Re: proxy caching is important
Posted by Greg Stein <gs...@lyra.org>.
I volunteered to axe the proxy stuff. Not rewrite it :-)
It looks like Martin and Ryan have stepped up to at least port the thing
to 2.0. That renders some of my rationale as moot (although I still think
we could reduce our complexity, bug count, maintenance by axing some/all
of the proxy support).
Cheers,
-g
On Thu, 18 Nov 1999, David Reid wrote:
> Nice of you to volunteer????
>
> d :-)
> ----- Original Message -----
> From: Greg Stein <gs...@lyra.org>
> To: <ne...@apache.org>
> Sent: 18 November 1999 12:18
> Subject: Re: proxy caching is important
>
>
> > On Thu, 18 Nov 1999, Ryan Bloom wrote:
> > > > In terms of the caching itself, how about a generic mod_cache module
> > > > that handles it?
> > > >
> > > > A generic set of caching functions could be added to APR, something
> > > > like:
> > >
> > > Well, APR was mentioned, so I'm jumping in. I would prefer not to use
> > > ap_cache_(in|out|etc). This is because I think apr needs to be more
> > > generalized than that. What we really want/need, is a simple hash
> table.
> > > The contexts already let us put this into whatever scope we want to put
> it
> > > in.
> > >
> > > BTW, if the hash table functions aren't in APR already, they will be
> there
> > > soon. I am having a hard time keeping up with everything right now. :-)
> >
> > That's because something like the caching doesn't go in APR. It is easily
> > built on *top* of APR. You can keep up if you keep stuff *out* of APR :-)
> >
> > And on a separate note: I also believe the HTTP/FTP fetching stuff does
> > not go into APR either, but into a utility library on top of it.
> >
> > Cheers,
> > -g
> >
> > --
> > Greg Stein, http://www.lyra.org/
> >
>
--
Greg Stein, http://www.lyra.org/
Re: proxy caching is important
Posted by David Reid <ab...@dial.pipex.com>.
Nice of you to volunteer????
d :-)
----- Original Message -----
From: Greg Stein <gs...@lyra.org>
To: <ne...@apache.org>
Sent: 18 November 1999 12:18
Subject: Re: proxy caching is important
> On Thu, 18 Nov 1999, Ryan Bloom wrote:
> > > In terms of the caching itself, how about a generic mod_cache module
> > > that handles it?
> > >
> > > A generic set of caching functions could be added to APR, something
> > > like:
> >
> > Well, APR was mentioned, so I'm jumping in. I would prefer not to use
> > ap_cache_(in|out|etc). This is because I think apr needs to be more
> > generalized than that. What we really want/need, is a simple hash
table.
> > The contexts already let us put this into whatever scope we want to put
it
> > in.
> >
> > BTW, if the hash table functions aren't in APR already, they will be
there
> > soon. I am having a hard time keeping up with everything right now. :-)
>
> That's because something like the caching doesn't go in APR. It is easily
> built on *top* of APR. You can keep up if you keep stuff *out* of APR :-)
>
> And on a separate note: I also believe the HTTP/FTP fetching stuff does
> not go into APR either, but into a utility library on top of it.
>
> Cheers,
> -g
>
> --
> Greg Stein, http://www.lyra.org/
>
Re: proxy caching is important
Posted by Ryan Bloom <rb...@raleigh.ibm.com>.
> > BTW, if the hash table functions aren't in APR already, they will be there
> > soon. I am having a hard time keeping up with everything right now. :-)
>
> That's because something like the caching doesn't go in APR. It is easily
> built on *top* of APR. You can keep up if you keep stuff *out* of APR :-)
>
> And on a separate note: I also believe the HTTP/FTP fetching stuff does
> not go into APR either, but into a utility library on top of it.

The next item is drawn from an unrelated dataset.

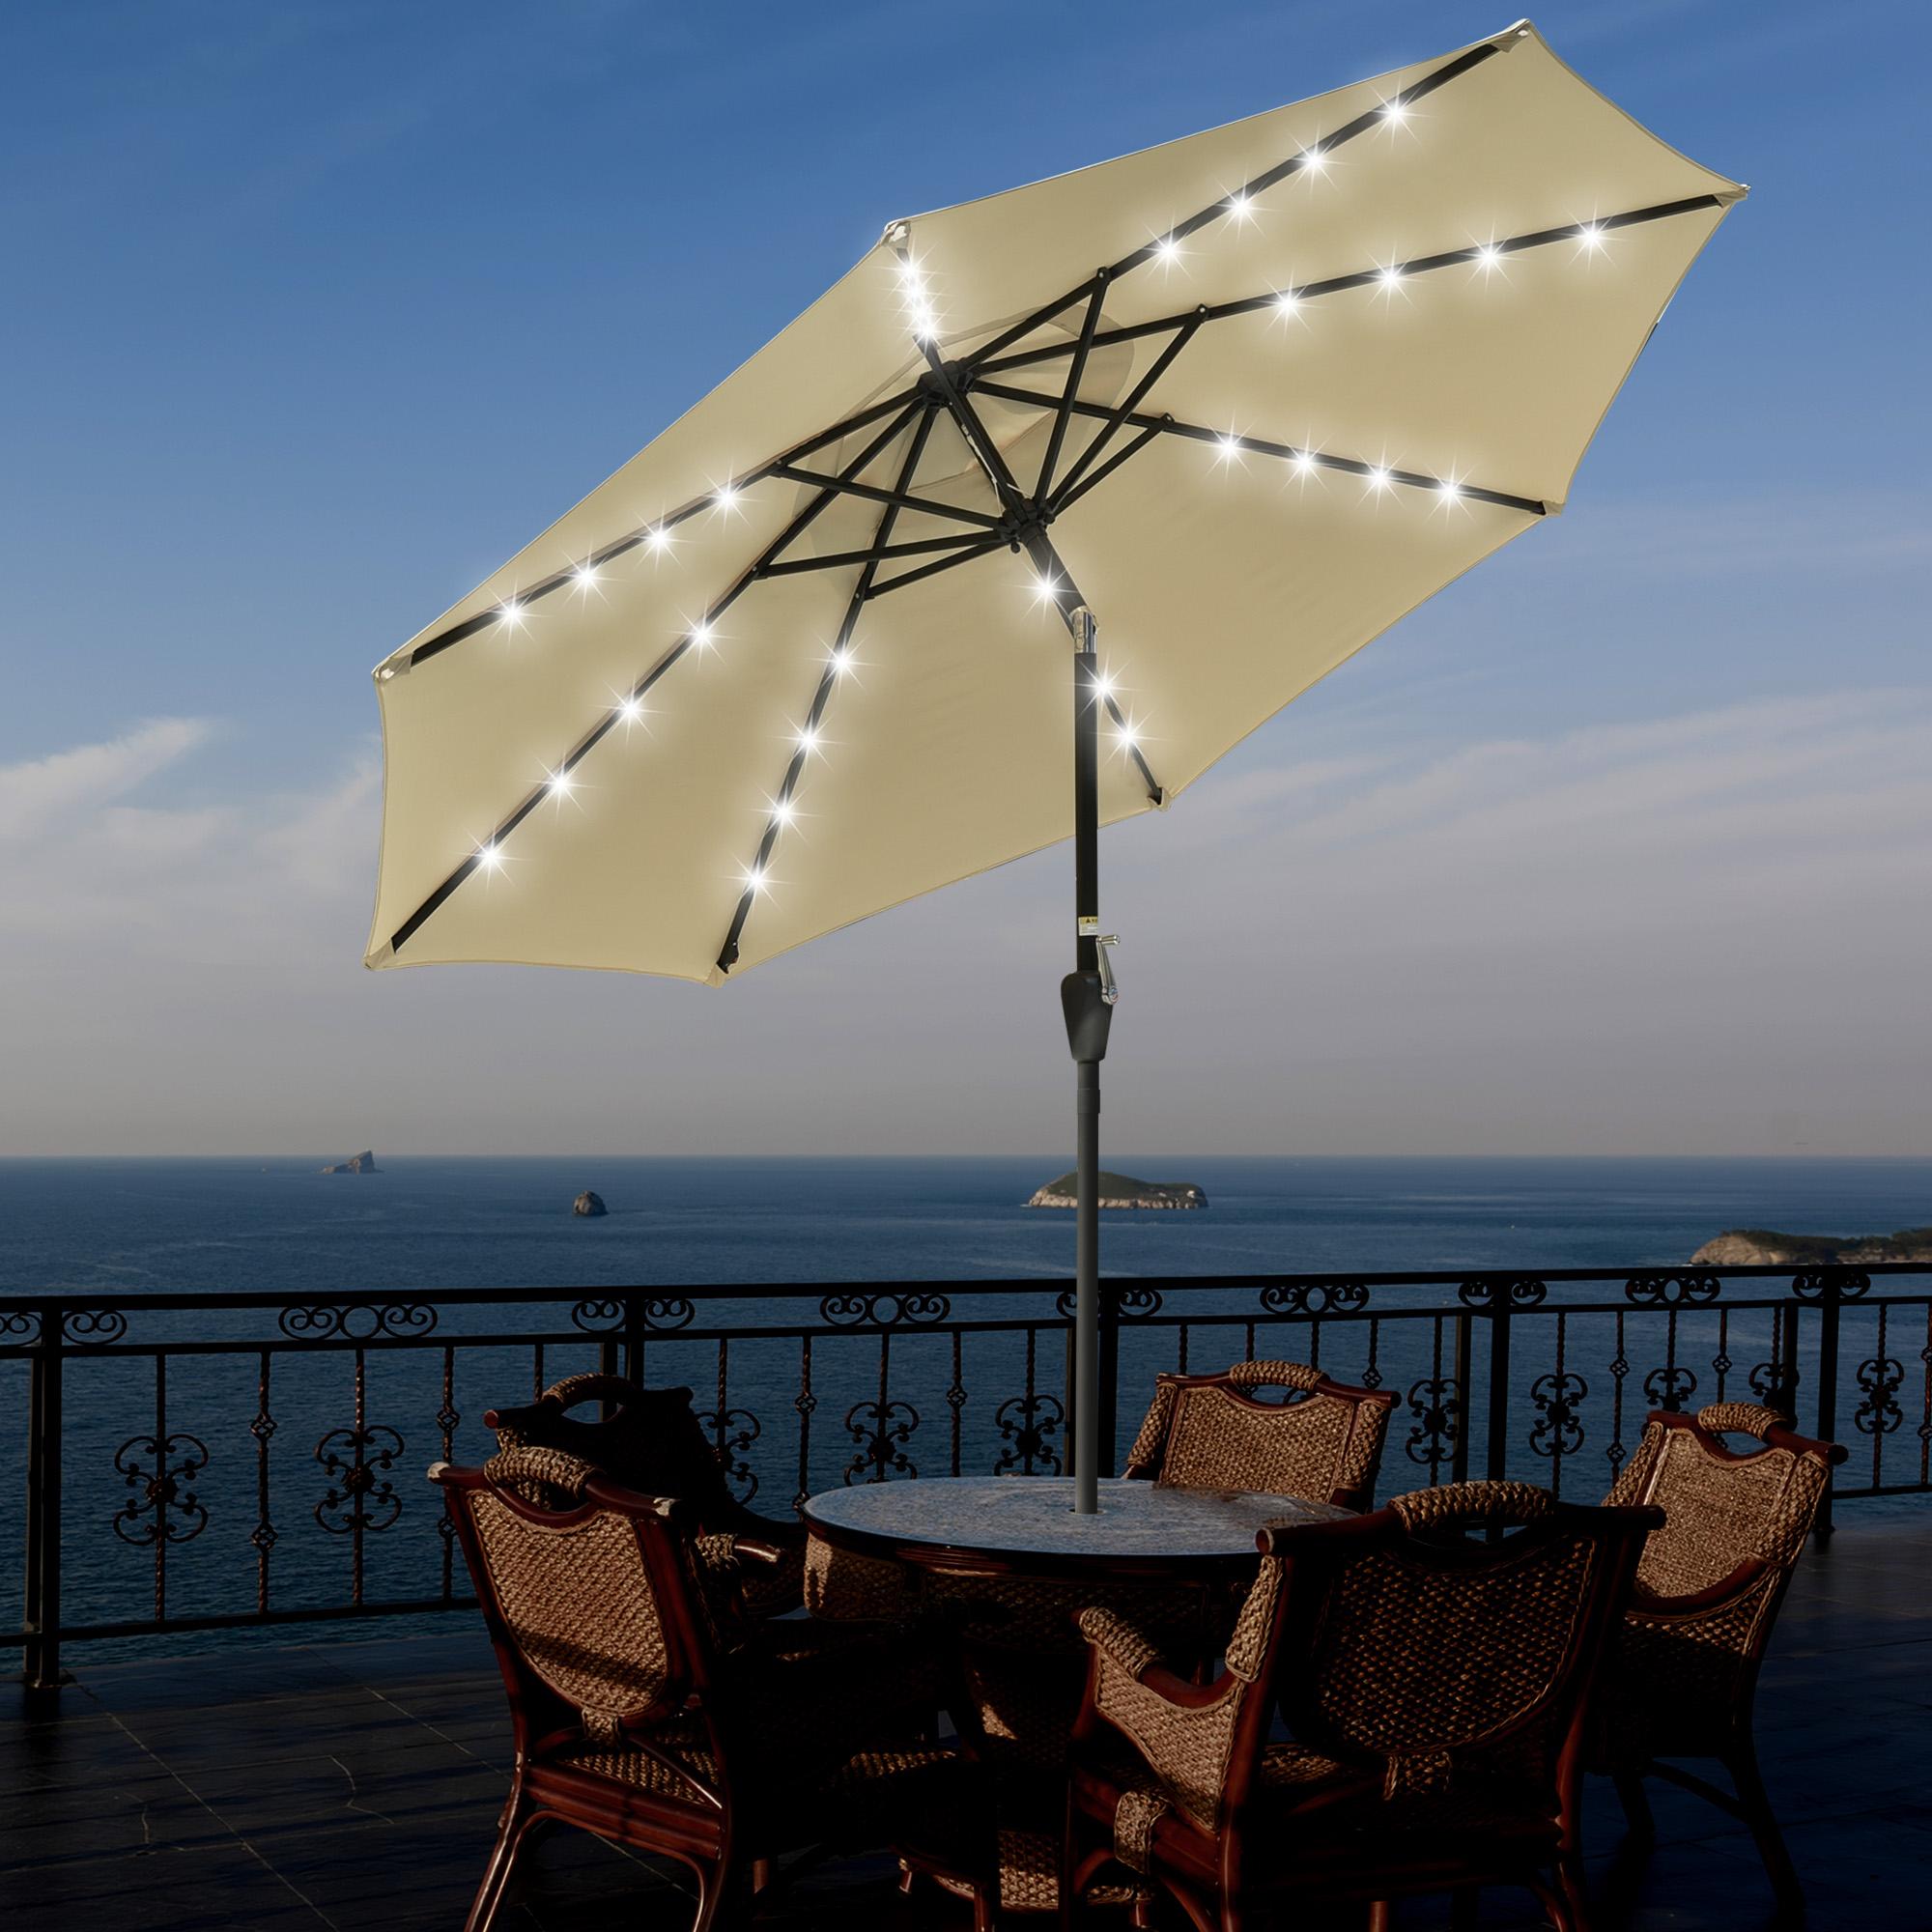 thumbnail 29 - 9' Patio Outdoor Umbrella Solar LED 8 Rib Garden Parasol Yard Deck Table Shade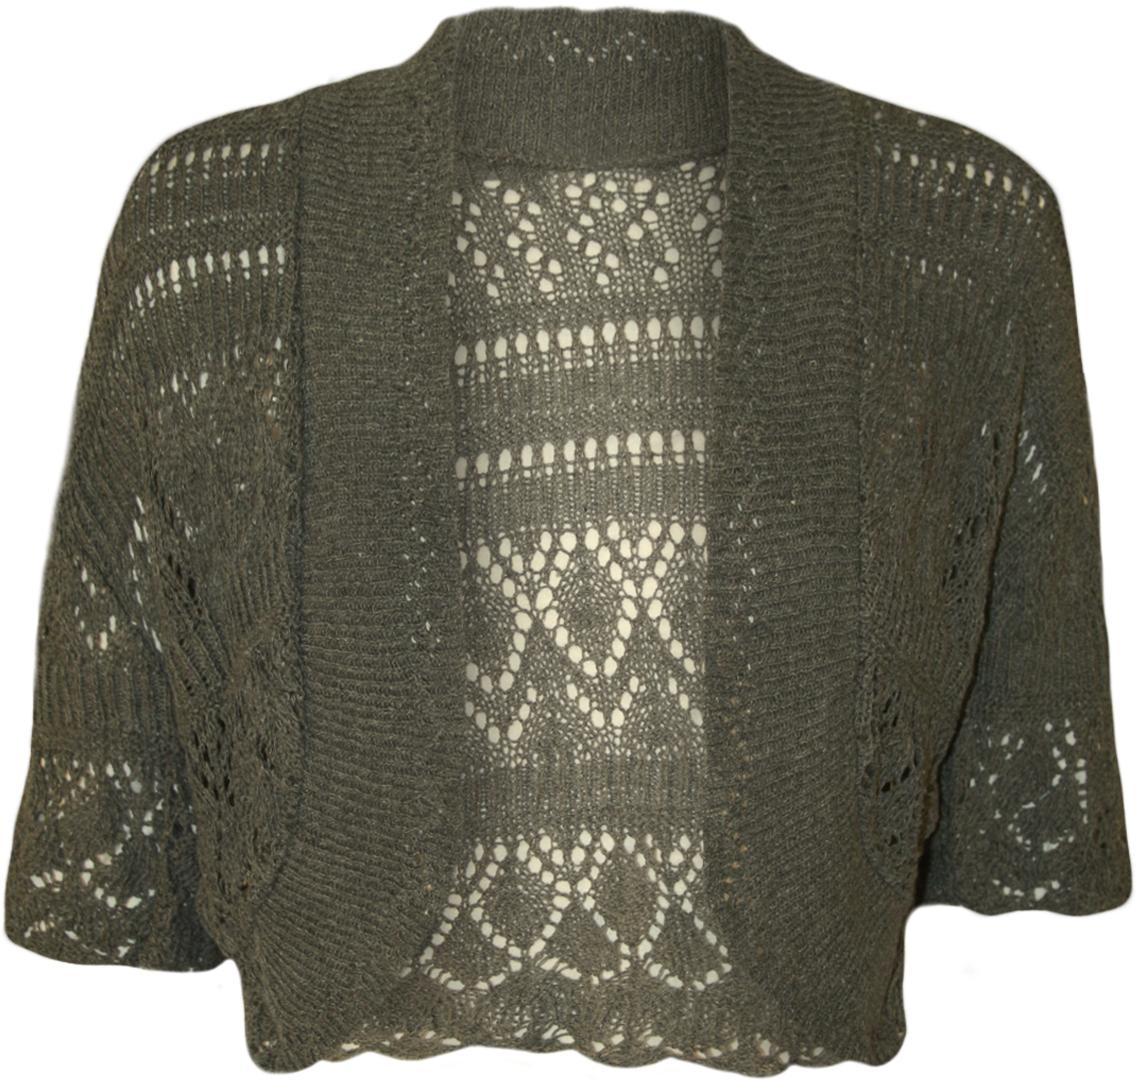 Knitting Pattern Ladies Short Sleeve Cardigan : New Womens Crochet Knitted Short Sleeve Ladies Bolero Cardigan Top Shrug 14 -...

That's exactly my point though. The cache was to specific. What belongs
in APR is the hash functions, nothing more. What belongs in mod_cache is
the add_cache/remove_cache functions. Those functions USE the APR hash
functions.
I have been trying very hard not to put things into APR. I do not want to
tie APR to Apache in any way. The more cruft we put into APR that makes
it a web server library, the less likely other people are to use it. If I
am not doing a good job of keeping things out of APR, let me know. I will
struggle to fix it. :-)
Ryan
_______________________________________________________________________
Ryan Bloom rbb@raleigh.ibm.com
4205 S Miami Blvd
RTP, NC 27709 It's a beautiful sight to see good dancers
doing simple steps. It's a painful sight to
see beginners doing complicated patterns.
Re: proxy caching is important
Posted by Greg Stein <gs...@lyra.org>.
On Thu, 18 Nov 1999, Ryan Bloom wrote:
> > In terms of the caching itself, how about a generic mod_cache module
> > that handles it?
> >
> > A generic set of caching functions could be added to APR, something
> > like:
>
> Well, APR was mentioned, so I'm jumping in. I would prefer not to use
> ap_cache_(in|out|etc). This is because I think apr needs to be more
> generalized than that. What we really want/need, is a simple hash table.
> The contexts already let us put this into whatever scope we want to put it
> in.
>
> BTW, if the hash table functions aren't in APR already, they will be there
> soon. I am having a hard time keeping up with everything right now. :-)
That's because something like the caching doesn't go in APR. It is easily
built on *top* of APR. You can keep up if you keep stuff *out* of APR :-)
And on a separate note: I also believe the HTTP/FTP fetching stuff does
not go into APR either, but into a utility library on top of it.
Cheers,
-g
--
Greg Stein, http://www.lyra.org/
Re: proxy caching is important
Posted by Ryan Bloom <rb...@raleigh.ibm.com>.
> In terms of the caching itself, how about a generic mod_cache module
> that handles it?
>
> A generic set of caching functions could be added to APR, something
> like:
Well, APR was mentioned, so I'm jumping in. I would prefer not to use
ap_cache_(in|out|etc). This is because I think apr needs to be more
generalized than that. What we really want/need, is a simple hash table.
The contexts already let us put this into whatever scope we want to put it
in.
BTW, if the hash table functions aren't in APR already, they will be there
soon. I am having a hard time keeping up with everything right now. :-)
Ryan
_______________________________________________________________________
Ryan Bloom rbb@raleigh.ibm.com
4205 S Miami Blvd
RTP, NC 27709 It's a beautiful sight to see good dancers
doing simple steps. It's a painful sight to
see beginners doing complicated patterns.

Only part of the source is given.